The cell membrane is composed primarily of phospholipids

Our understanding of biological membrane structure is based on studies of red blood cells, or erythrocytes, that were conducted in the early part of the 20th century. The erythrocyte lacks the nucleus and other complicated intracellular structures that are characteristic of most animal cells. It consists of a plasma membrane surrounding a cytoplasm that is rich in hemoglobin. It is possible to break open erythrocytes and release their cytoplasmic contents. The plasma membranes can then be recovered by centrifugation to provide a remarkably pure preparation of cell surface membrane. Biochemical analysis reveals that this membrane is composed of two principal constituents: lipid and protein.

Most of the lipid associated with erythrocyte plasma membranes belongs to the molecular family of phospholipids. In general, phospholipids share a glycerol backbone, two hydroxyl groups of which are esterified to various fatty-acid or acyl groups (Fig. 2-1A). These acyl groups may have different numbers of carbon atoms and also may have double bonds between carbons. For glycerol-based phospholipids, the third glycerolic hydroxyl group is esterified to a phosphate group, which is in turn esterified to a small molecule referred to as a head group. The identity of the head group determines the name as well as many of the properties of the individual phospholipids. For instance, glycerol-based phospholipids that bear an ethanolamine molecule in the head group position are categorized as phosphatidylethanolamines (see Fig. 2-1A).


FIGURE 2-1 Phospholipids.

Phospholipids form complex structures in aqueous solution

The unique structure and physical chemistry of each phospholipid (see Fig. 2-1B) underlie the formation of biological membranes and explain many of their most important properties. Fatty acids are nonpolar molecules. Their long carbon chains lack the charged groups that would facilitate interactions with water, which is polar. Consequently, fatty acids dissolve poorly in water but readily in organic solvents; thus, fatty acids are hydrophobic. On the other hand, the head groups of most phospholipids are charged or polar. These head groups interact well with water and consequently are very water soluble. Thus, the head groups are hydrophilic. Because phospholipids combine hydrophilic heads with hydrophobic tails, their interaction with water is referred to as amphipathic.

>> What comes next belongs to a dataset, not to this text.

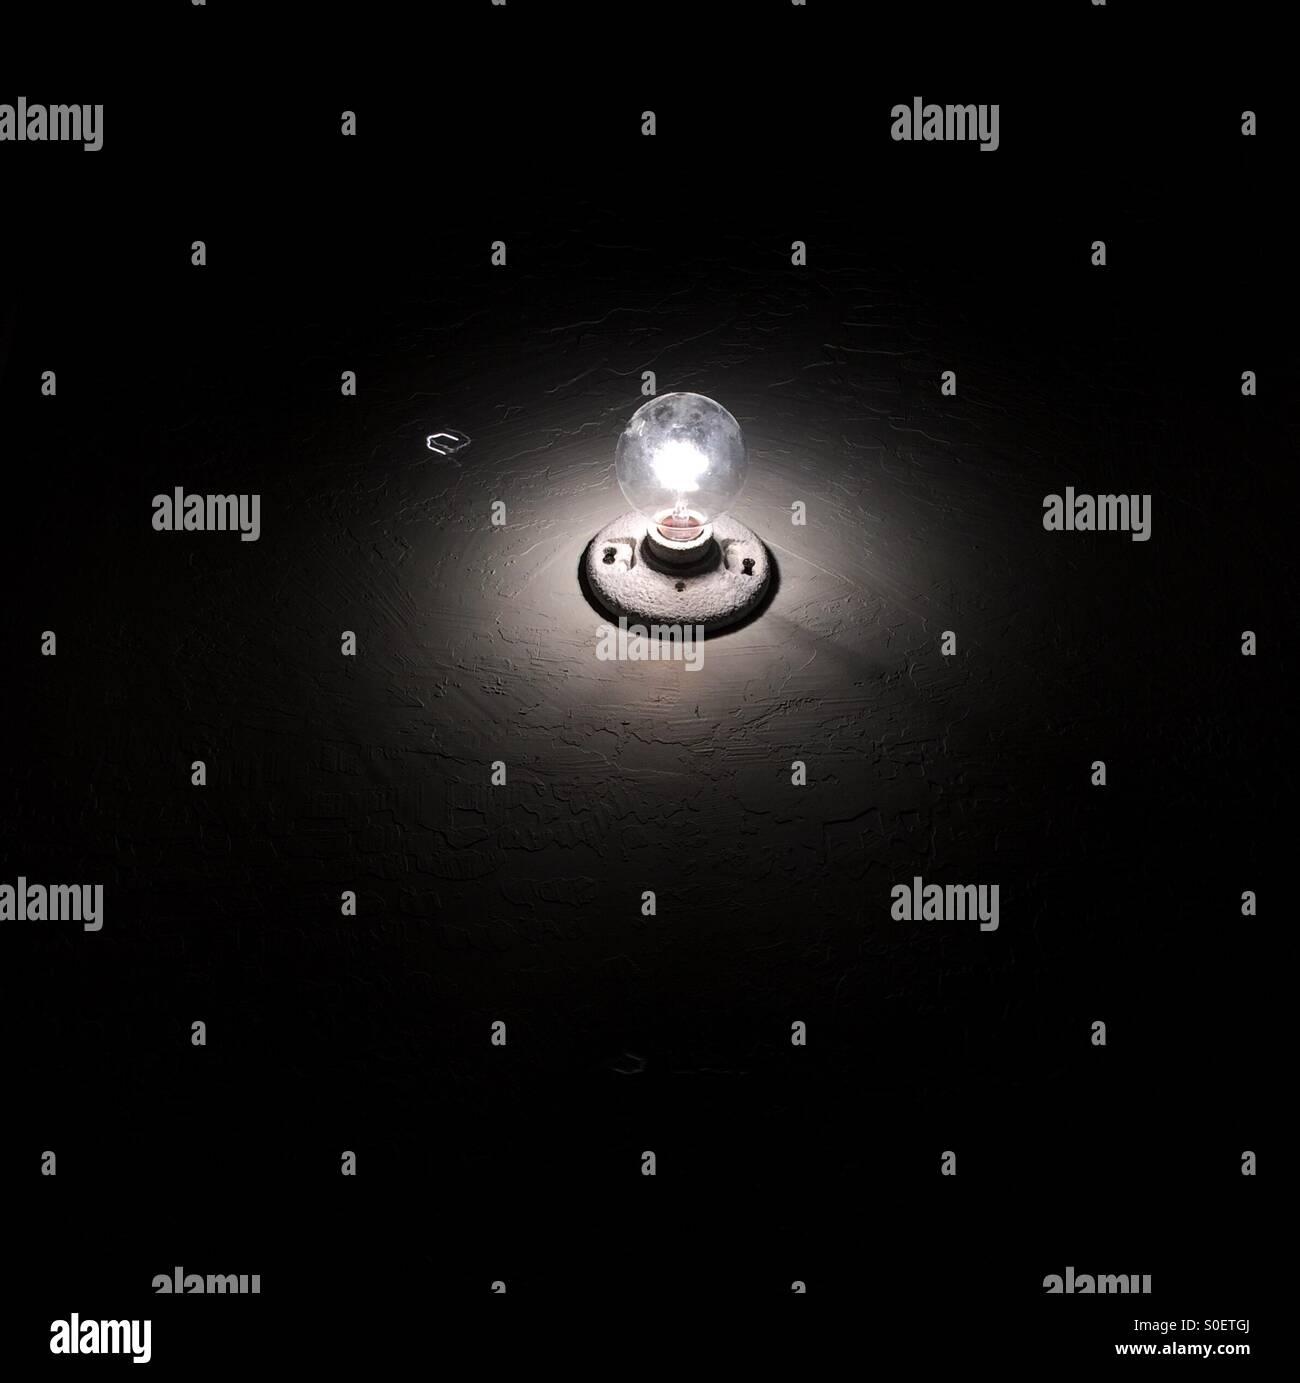 Dark room with light bulb - Light Bulb In A Dark Room

When mixed with water, phospholipids organize themselves into structures that prevent their hydrophobic tails from making contact with water while simultaneously permitting their hydrophilic head groups to be fully dissolved. When added to water at fairly low concentrations, phospholipids form a monolayer (see Fig. 2-1C) on the water's surface at the air-water interface. It is energetically less costly to the system for the hydrophobic tails to stick up in the air than to interact with the solvent.

At higher concentrations, phospholipids assemble into micelles. The hydrophilic head groups form the surfaces of these small spheres, whereas the hydrophobic tails point toward their centers. In this geometry, the tails are protected from any contact with water and instead are able to participate in energetically favorable interactions among themselves. At still higher concentrations, phospholipids spontaneously form bilayers (see Fig. 2-1D). In these structures, the phospholipid molecules arrange themselves into two parallel sheets or leaflets that face each other tail to tail. The hydrophilic head groups form the surfaces of the bilayer; the hydrophobic tails form the center of the sandwich. The hydrophilic surfaces insulate the hydrophobic tails from contact with the solvent, leaving the tails free to associate exclusively with one another.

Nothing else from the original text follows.